Label double-stacked cryomolds corresponding to the tissue orientation denoted by the tissue marking dyes.

Prefill the bottom of the mold with 5 ml of 15% fish gelatin.

Place the superior pole (black tissue mark) along the mold side with the fundus facing directly upwards.

The optic nerve head (ONH) and fovea (yellow and red tissue marks, respectively) are placed on the bottom of the mold. Label the bottom of the mold with their locations.

Figure 5: A. Double-stacked cryomold containing globe stabilized in small amount of fish gelatin. B. Bottom of mold indicating location of optic nerve head (ONH) and fovea (F). C. Top of mold indicating orientation of embedded globe (fundus facing upward, superior orientation indicated by black dye).

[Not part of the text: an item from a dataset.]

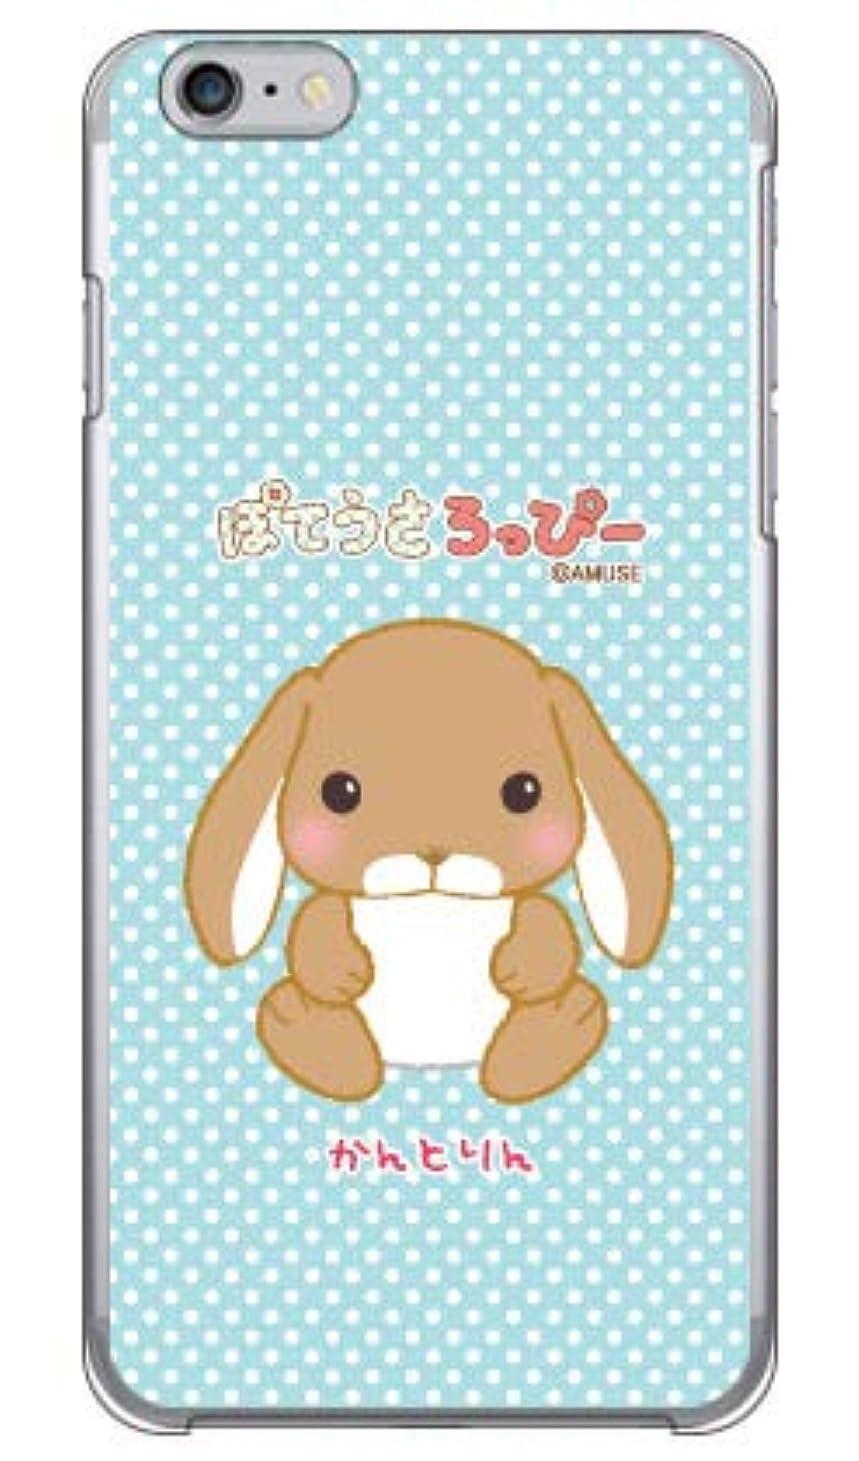 打倒会う測定可能[iPhone 6s Plus/Apple専用] スマートフォンケース ぽてうさろっぴーシリーズ かんとりん (クリア) 3AP6SL-PCNT-214-SDU4

With the tissue oriented as in step 7.

Allow gelatin to semi-freeze by holding the mold suspended in liquid nitrogen until semi-solid and tacky to ensure stable positioning of the posterior pole in the cryomold. Use forceps to suspend mold within liquid nitrogen in dewar.

Slowly fill the fundus first with 15% fish gelatin and allow the fish gelatin to overflow out of the fundus cup until the entire mold is filled

Freeze the mold and tissue with liquid nitrogen, but do not let liquid nitrogen flow over the top of the mold.

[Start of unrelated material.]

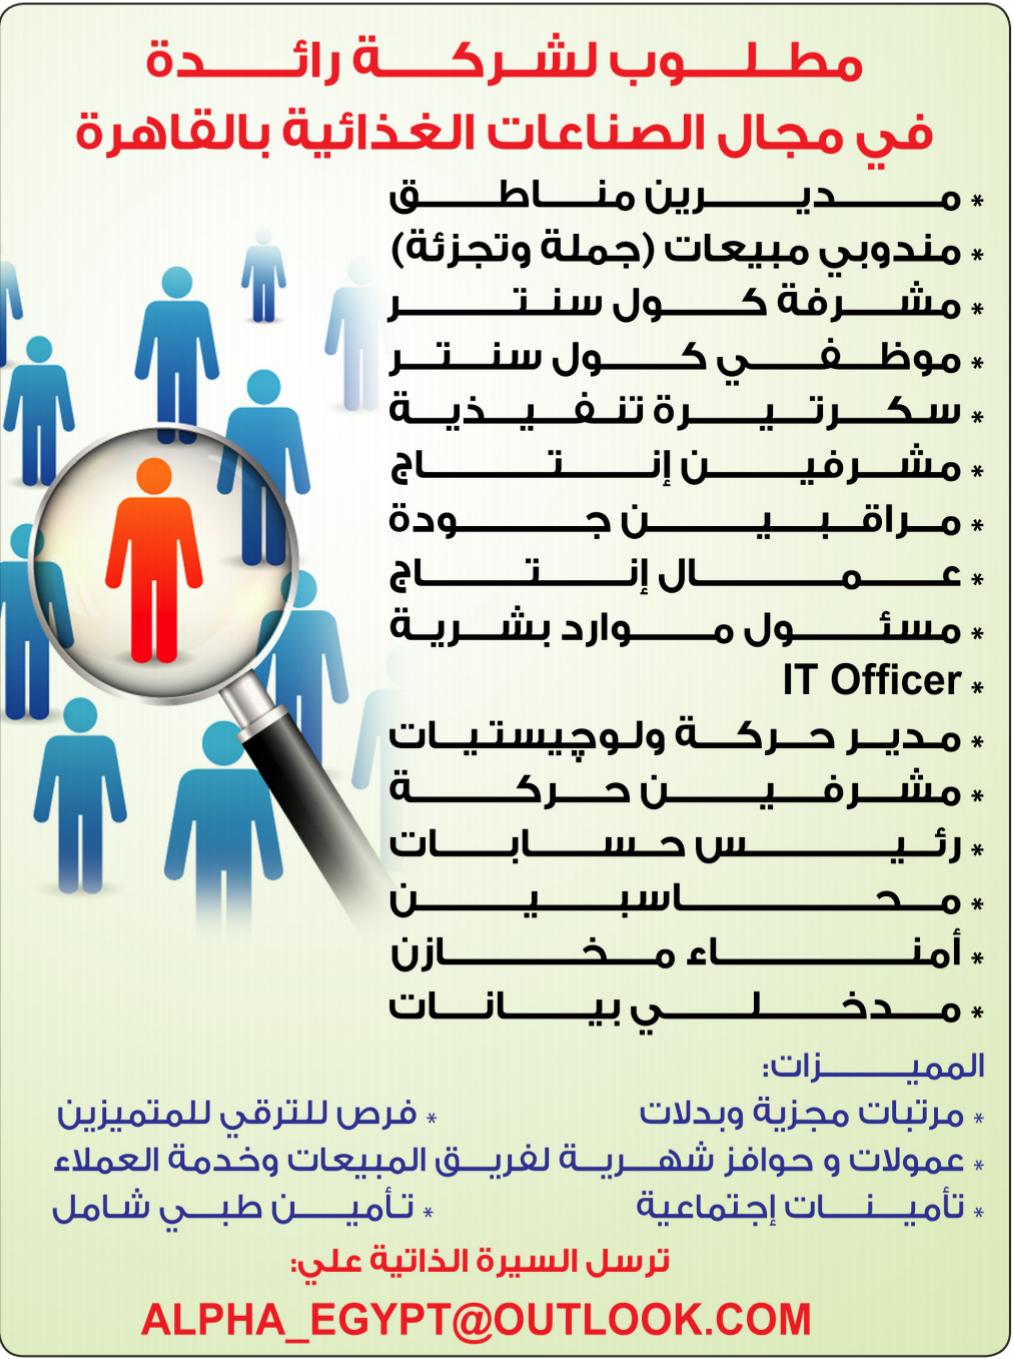 وظائف الوسيط اليوم 27/4/2020 نسخة الاسكندرية 3

Store in a -80^oC freezer in a Bitran Freezer Bag (Fisher Science cat# 19240150) until shipment.

Label one additional cryomold for anterior portion (removed in step 4), indicating the location of the superior pole (black tissue marking dye). Optionally, draw the shape of the cornea on the side of the mold.

Prefill the mold with 5 ml of 15% fish gelatin.

Place anterior pole in mold with the cornea facing down.

Allow gelatin to semi-freeze until semi-solid and tacky in liquid nitrogen to ensure tissue adherence. Use forceps to suspend mold within liquid nitrogen in dewar.

Completely fill mold with 15% fish gelatin.

Freeze entire mold with liquid nitrogen, but do not let liquid nitrogen flow over the top of the mold.

Store in a -80^oC freezer in a Bitran Freezer Bag (Fisher Science cat# 19240150) for shipment to Vanderbilt University.